A small number of PsiZ-compatible datasets are hosted at the OSF repository psiz-datasets. These datasets can be obtained in raw form—where each trial sequence is stored as a separate JSON file inside a zipped directory—or as pre-formatted TensorFlow Datasets.

Pre-formatted Datasets

Datasets can be loaded as pre-formatted TensorFlow Datasets using the psiz-datasets Python package, which can be installed via pip install psiz-datasets. See the psiz-datasets README for additional package information. See the sections below for instructions on loading specific datasets.

Naming Convention

Datasets follow a two part naming convention. The first part refers to the name of the stimulus dataset. The second part refers to the human behavior collected while using the stimulus dataset. For example, birds16_rank2019 refers to the stimulus dataset birds16 and a set of collected behavior refered to as rank2019.

Stimuli Pointers

Rather than passing around filenames; the data refers to specific stimuli using indices. If using the raw data files (zipped directory from OSF), the index mappings can be found in stimuli.txt. If using the the pre-formatted TensorFlow Datasets, the index mappings are accessible by using with_info=True to return an additional info object when loading the dataset. The index mapping dictionary is located at info.metadata['stimuli'].

Data Timesteps

The TensorFlow Datasets can be loaded with or without a timestep axis by appending /with_timestep or /without_timestep to the dataset name when using tfds.load (see examples below). By default, the dataset is loaded with a timestep axis.
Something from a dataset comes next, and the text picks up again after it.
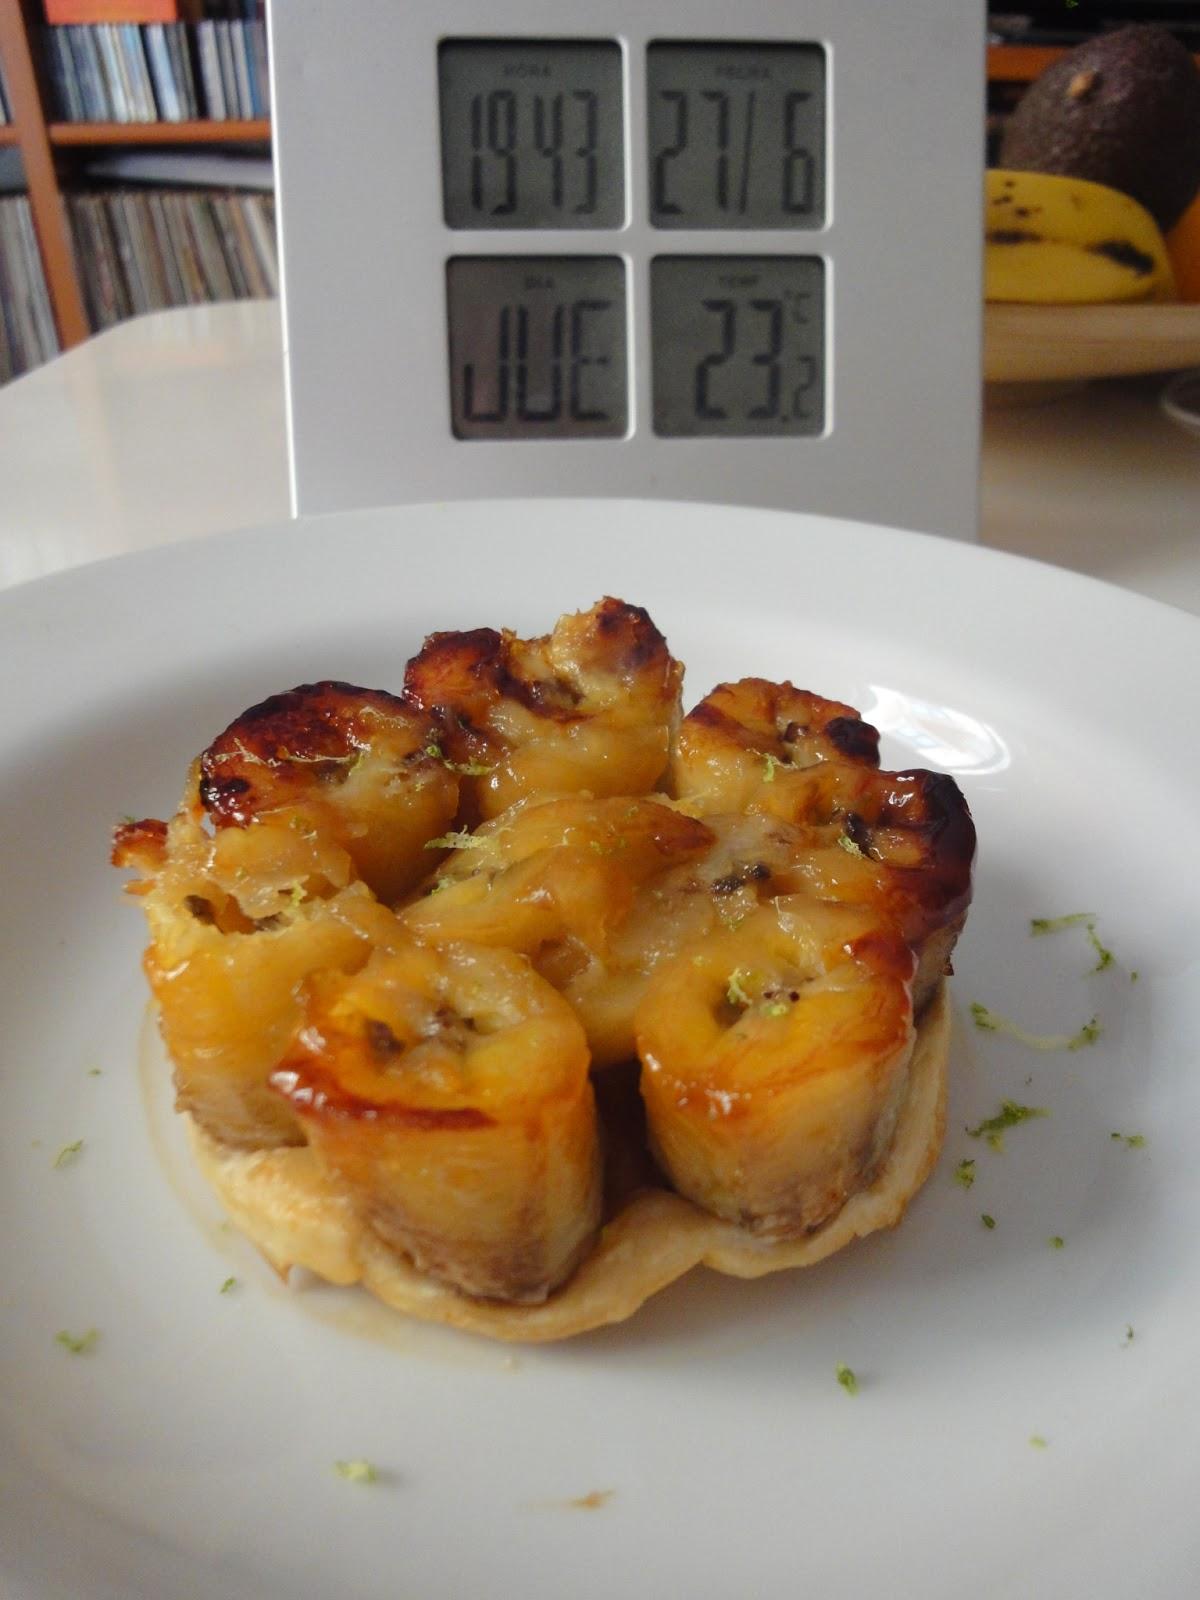 Clases de cocina zaragoza tarta tatin de pl tano - Cursos de cocina zaragoza ...

If loaded without a timestep axis, the timestep axis is simply unrolled into the batch axis.

Structuring for Training

Your application will likely require that the loaded datasets be structured into inputs, targets, and sample weights for training. This is easily achieved using tf.data.Dataset.map function. See birds16_rank2019 below for an example.

birds16_rank2019

Raw Data Files

To load the pre-formatted TensorFlow Dataset:

import tensorflow_datasets as tfds
import psiz_datasets.birds16_rank2019
ds, info = tfds.load(
    'birds16_rank2019/with_timestep',
    split="train",
    with_info=True
)

Example of dataset formatting:

def format_data_for_training(sample):
    """Format sample as (x, y, w) tuple."""
    x = {
        'given2rank1_stimulus_set': sample['given2rank1_stimulus_set'],
        'given8rank2_stimulus_set': sample['given8rank2_stimulus_set'],
    }
    y = {
        'given2rank1_outcome': sample['given2rank1_outcome'],
        'given8rank2_outcome': sample['given8rank2_outcome'],
    }
    w = {
        'given2rank1_outcome': sample['given2rank1_sample_weight'],
        'given8rank2_outcome': sample['given8rank2_sample_weight'],
    }
    return (x, y, w)

tfds_all = tfds_all.map(
    lambda sample: format_data_for_training(sample)
)

ilsvrc2012_val_hsj

Raw Data Files

To load the pre-formatted TensorFlow Dataset:

import tensorflow_datasets as tfds
import psiz_datasets.ilsvrc2012_val_hsj
ds, info = tfds.load(
    'ilsvrc2012_val_hsj/with_timestep',
    split="train",
    with_info=True
)

skin_lesions2018_rank2018

Raw Data Files

To load the pre-formatted TensorFlow Dataset:

import tensorflow_datasets as tfds
import psiz_datasets.ilsvrc2012_val_hsj
ds, info = tfds.load(
    'skin_lesions2018_rank2018/with_timestep',
    split="train",
    with_info=True
)